Jamaican Philanthropist Receives PM’s Medal of Appreciation

Photo: Contributed Recipient of Prime Minister’s Medal of Appreciation, Beverly Ford.

Story Highlights

  • “My passion is for my country and my people; I have been afforded a number of privileges, and I can’t help but extend some of those privileges to individuals who are in need of it,” says Philanthropist Beverly Ford.
  • She was speaking to JIS News after being awarded the Prime Minister’s Medal of Appreciation for Service to Jamaica during a ceremony held on April 25 at Jamaica House.
  • Mrs. Ford received the special recognition for her years of service to various Jamaican community associations in Houston, Texas, as well as outreach to Jamaicans at home.

“My passion is for my country and my people; I have been afforded a number of privileges, and I can’t help but extend some of those privileges to individuals who are in need of it,” says Philanthropist Beverly Ford.

She was speaking to JIS News after being awarded the Prime Minister’s Medal of Appreciation for Service to Jamaica during a ceremony held on April 25 at Jamaica House.

A total of 65 persons were honoured for significant contributions to the economic, cultural and social development of the country or to Jamaicans in the diaspora.

Mrs. Ford received the special recognition for her years of service to various Jamaican community associations in Houston, Texas, as well as outreach to Jamaicans at home.

“I am pleased to be recognised in this way,” she told JIS News.

Born in Manchester in 1948, Beverly Ford learned very early, the importance of discipline and generosity from her guardian, who was a respected nurse in her community of Maidstone in the parish.

She later spent the majority of her childhood years in Montego Bay, St.

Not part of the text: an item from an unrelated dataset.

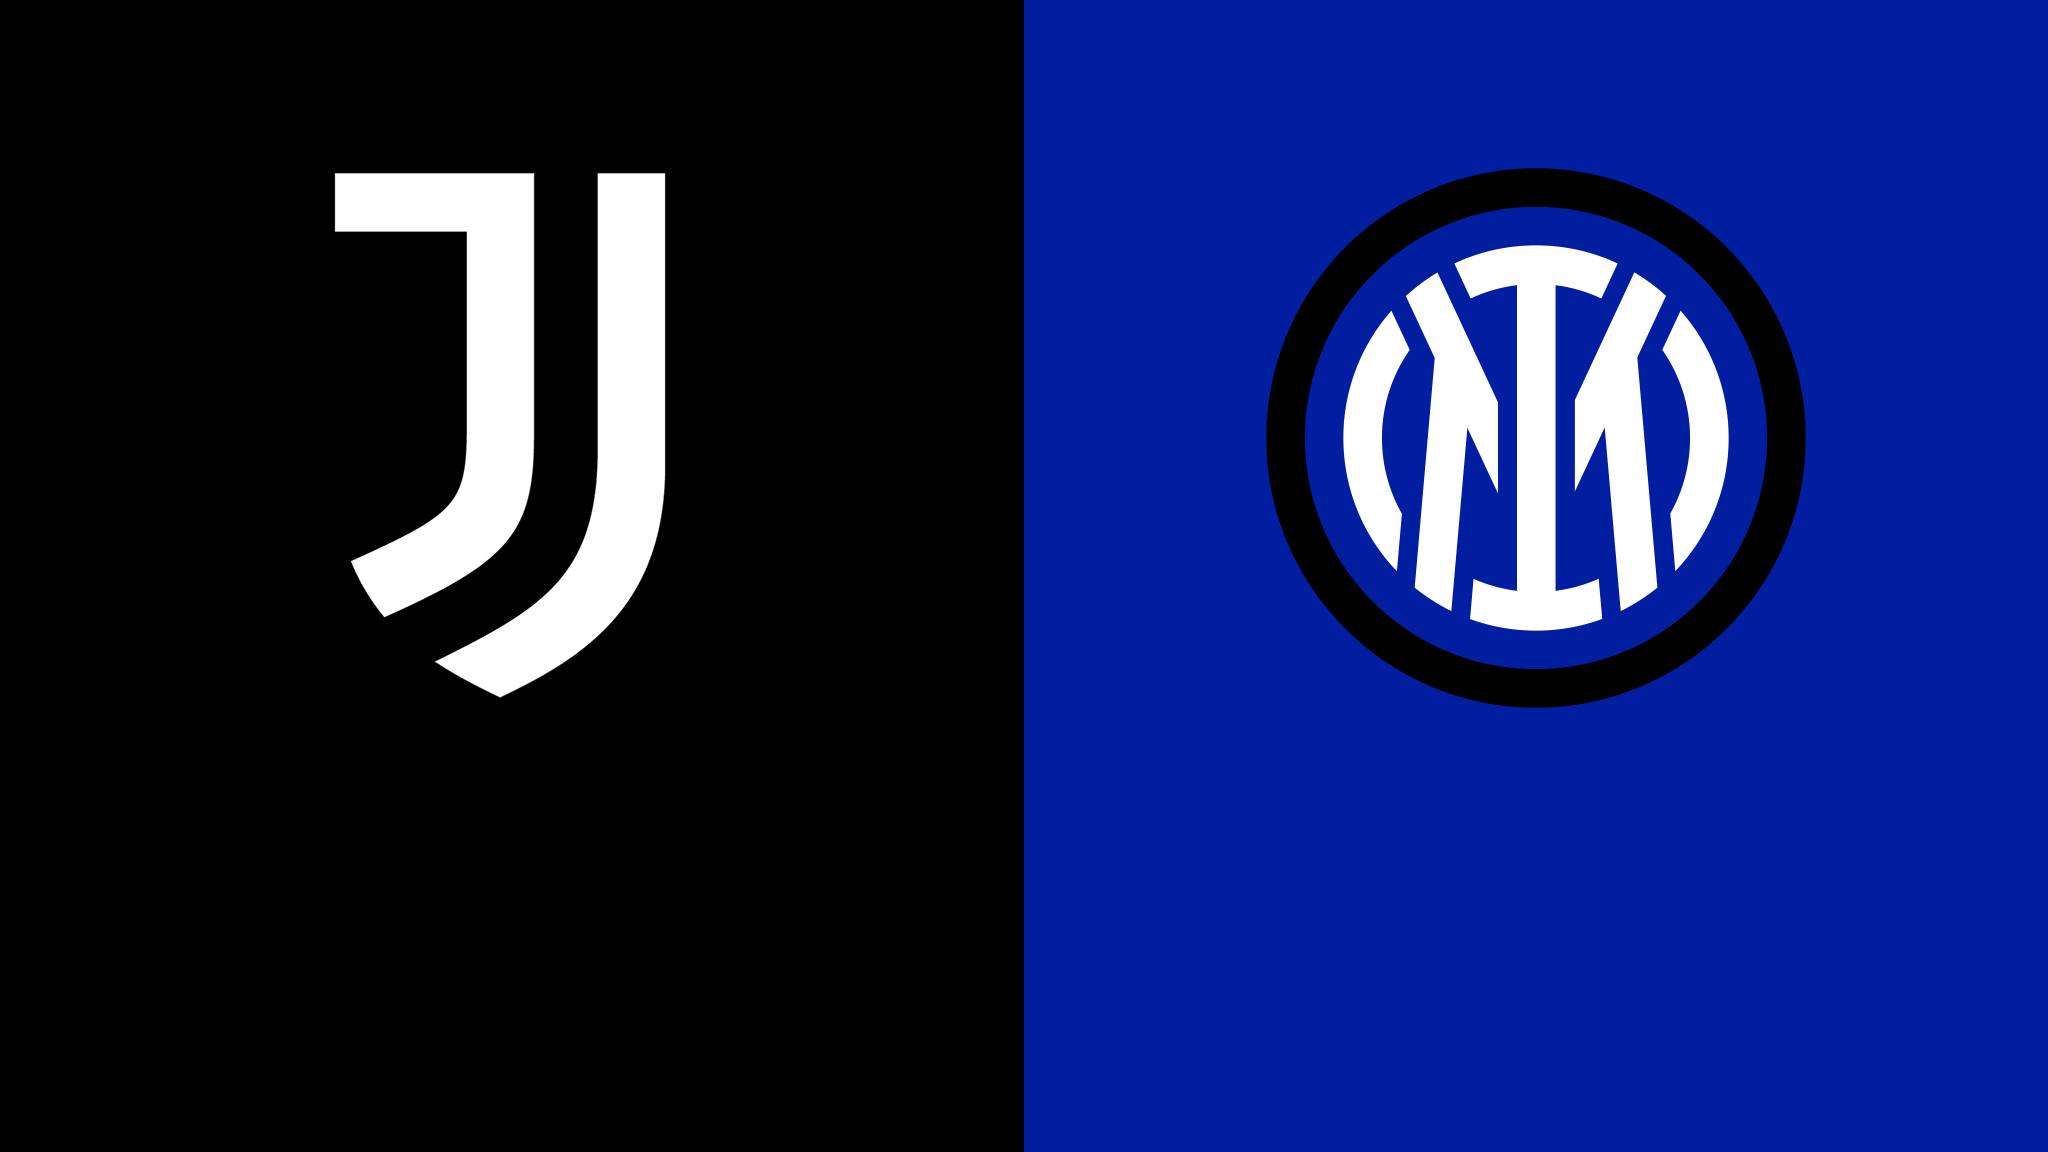 Juventus Inter maçı Nesine, TRT Spor canlı izle 4 Nisan 2023
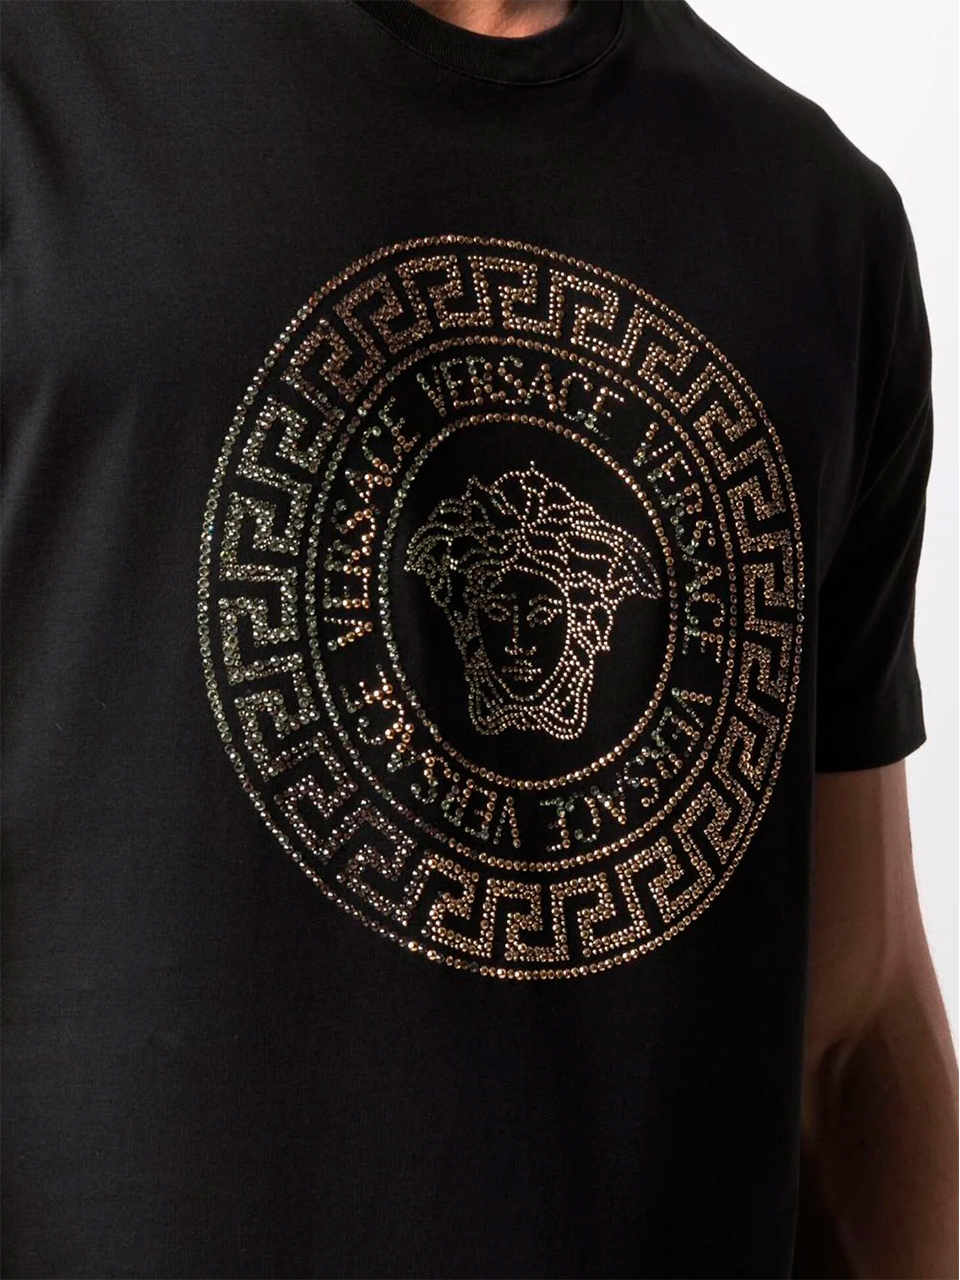 Imagem de: Camiseta Versace Preta com Estampa Medusa Cristais

James, attending the Montego Bay Senior School which subsequently became the Montego Bay High School.

Mrs. Ford left the country for Washington DC in the United States in 1976 where her new life as wife and philanthropist began.

“I married my husband Dinsdale Ford, who was an Obstetrician/Gynaecologist, and began managing his clinic,” she explained.

The couple relocated to Houston, Texas, in 1980, where Mrs. Ford became involved with the Jamaica Foundation of Houston.

She became actively involved in organising fundraisers to help Jamaicans at home and in Houston.

In the aftermath of Hurricane Gilbert in 1988, Mrs. Ford spearheaded a fundraiser that provided trailer loads of medical supplies, food and clothing to Jamaica.

She also helped to organise fundraisers for the Jamaica Library Service, Cornwall Regional Hospital, Spanish Town Hospital and the Spanish Town Infirmary.

Mrs. Ford used every opportunity, as she planned these events, to showcase Jamaica’s rich culture and heritage as well as expose areas of tourism, trade, the arts and technology as part of Jamaica’s national development.

She has remained committed and passionate about promoting Jamaica and serving the Jamaican community as is evidenced by the number of projects she has spearheaded over the years.

She has served as Honorary Consul of Jamaica in Houston, Board Member of the Houston International Festival and the Buffalo Soldiers National Museum in Houston, President of the Jamaica Foundation of Houston, among other roles.

Among the many accolades received, Mrs. Ford was recognised by the Consulate General of Jamaica, Miami, for outstanding community service (2008).

She was also honoured as one of the pioneers in the Jamaican diaspora as part of the 50th anniversary celebrations of Jamaica’s Independence across the diaspora.

“My desire is to be able to keep helping people until my eyes close. That gives me joy and fulfilment,” Mrs. Ford told JIS News.